And in June, Tesla (TSLA) presented an updated version of its Optimus robot at Tesla’s Investor Day and showed it roaming a factory floor. CEO Elon Musk touted the robot’s potential, saying it had the ability to push the company’s market cap to $25 trillion.
Robotics have been integrated into factory floors and warehouses to improve efficiencies for years. But current machines in use have largely been limited to moving from point A to point B and tackling a handful of tasks.
Humanoids that can adapt to existing environments have long been seen as the ultimate test if they can work alongside humans in spaces built for them.
“If you want a versatile robot, then having a robot that can retrofit into our environment so you don’t have to change anything seems important,” said Cardenas. “Today, three to six [times] the price of the robot is spent just integrating that robot into a new workflow.”
Nvidia's humanoid ambition
Nvidia (NVDA) is driving rapid development through an ecosystem built specifically for humanoids. It combines high-powered GPUs that process data at high speeds with Nvidia Omniverse, a digital world that allows users to train robots on skills applied in the real world.
The company announced the development of physical AI foundation models earlier this year. Just last month, Nvidia unveiled “NIM Microservices,” software technology that offers generative AI models for different applications, with some models that are able to visually interpret their surroundings in 3D.
“Before, when we used to do an AI model for doing a particular task, we had to train it with specific data for that task … and if you needed that AI model to do something different, you needed to retrain that model,” said Deepu Talla, Nvidia's vice president of Robotics and Edge Computing.
Nvidia’s ecosystem now enables robots to train using text and speech input, in addition to live demonstrations.

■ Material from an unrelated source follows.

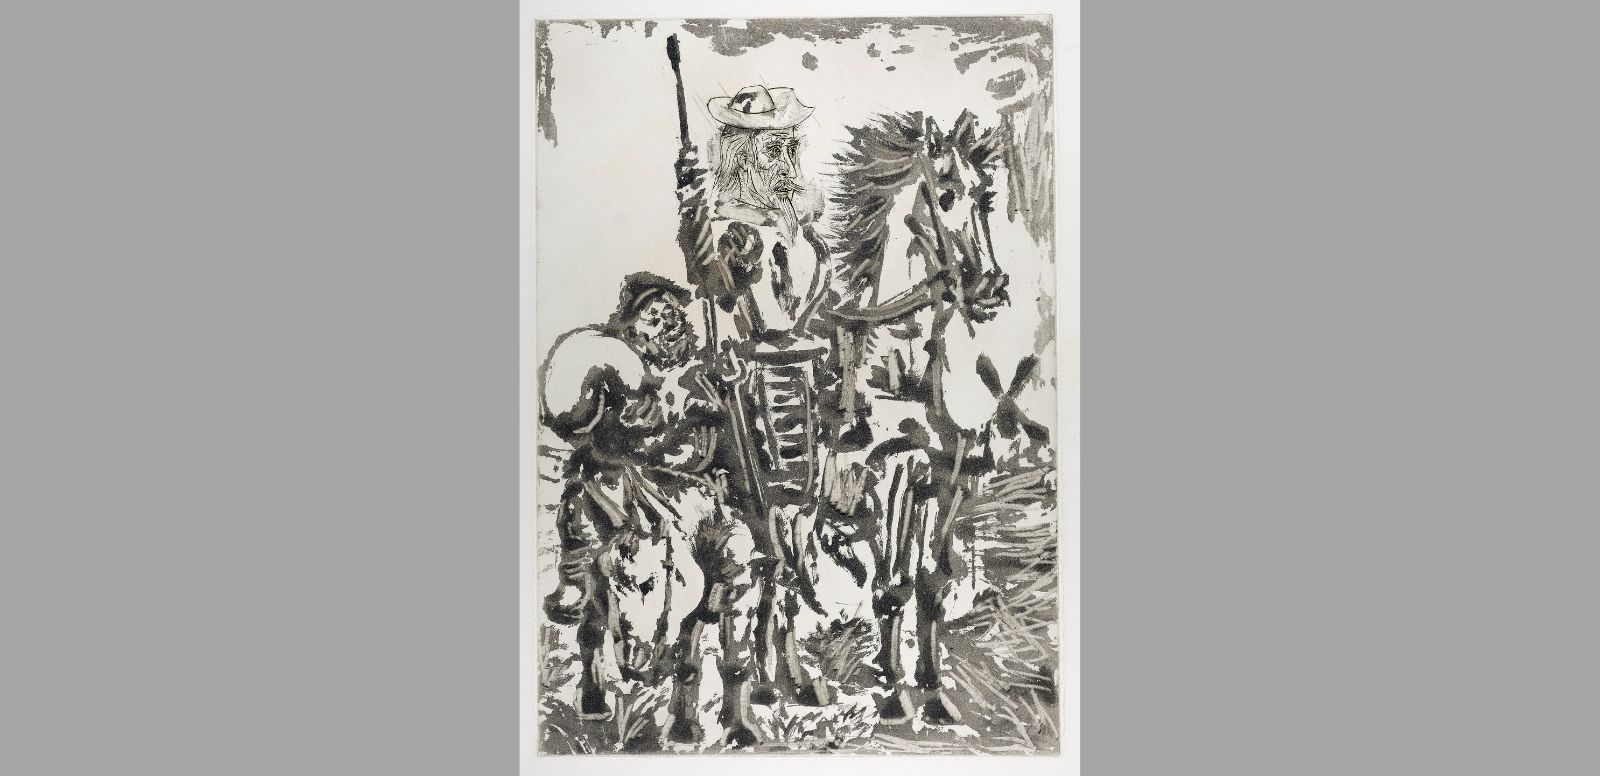 Pablo Picasso, "Don Quijote y Sancho Panza", 1937

Those advancements have helped supercharge development at Apptronik, one of a handful of robotics companies Nvidia has partnered with. The company recently achieved a big milestone at its Austin headquarters when its humanoid robot, Apollo, autonomously performed tasks trained through visual learning. The machine was seen picking up a pair of socks and a hat and packing it into a box. A task that once took thousands of hours to train on took just 10 hours, according to the company.
“If we build big data sets of humans doing tasks in these environments and we have robots with the same morphology as a person, then that allows us to have robots that can do a whole wide range of tasks over time,” said Cardenas.
That potential has attracted record funding from investors. Humanoid robotics companies raised nearly $793 million in the first half of 2024, according to data from CB Insights.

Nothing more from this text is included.